Energy Balance: Movement

 Houlihan et al. (1985) measured the energetics of swimming for juvenile ($\approx$ 17 g) and medium sized ($\approx$ 42 g) crabs in sea water at 22$^\circ$ C. Base metabolism for these two sizes was $\approx 5.6\times 10^{-4}$ and $2.8\times 10^{-4}$ (g wet wt)/(g wet wt hr). Metabolism increased linearly with increases in swimming speed for both sizes. At 720 m/hr, crabs of both sizes use $\approx$ 5 times as much energy swimming as they do resting.

In the model, the cost of transport per g of body weight depends on the mass, $G$ (g), of the crab and its speed of movement, $v$ (m/hr) (Eqn A.28):

$$= \alpha_{\text{move}}G^{{\beta}_{\text{move}}}\, v$$ (A.48)

where $\beta_{\text{move}} \approx 1/3$ (Houlihan et al. 1985), and $\alpha_{\text{move}} = 0.00004$ (g .m$^{-1}$). The above equation implies that larger crabs use proportionately less energy for movement than smaller crabs (Fig. A10).
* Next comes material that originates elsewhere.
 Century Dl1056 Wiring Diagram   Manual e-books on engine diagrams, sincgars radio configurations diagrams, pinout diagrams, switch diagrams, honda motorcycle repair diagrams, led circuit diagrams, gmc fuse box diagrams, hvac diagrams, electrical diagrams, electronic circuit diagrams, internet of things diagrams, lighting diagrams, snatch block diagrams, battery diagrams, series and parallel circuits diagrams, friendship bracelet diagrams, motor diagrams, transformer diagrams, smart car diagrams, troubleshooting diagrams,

Under the above parameter values, the ratio of the crab's maximum rate of mass usage due energy expenditure for movement relative to the crab's maximum metabolic rate at $T_{\text{opt met}}=26\ensuremath{^\circ\text{C }}$ is $\approx 3.5$ and the ratio of energy usage for movement plus respiration and excretion to respiration and excretion is $\approx 4.5$, agreeing with the results of Booth and McMahon (1992).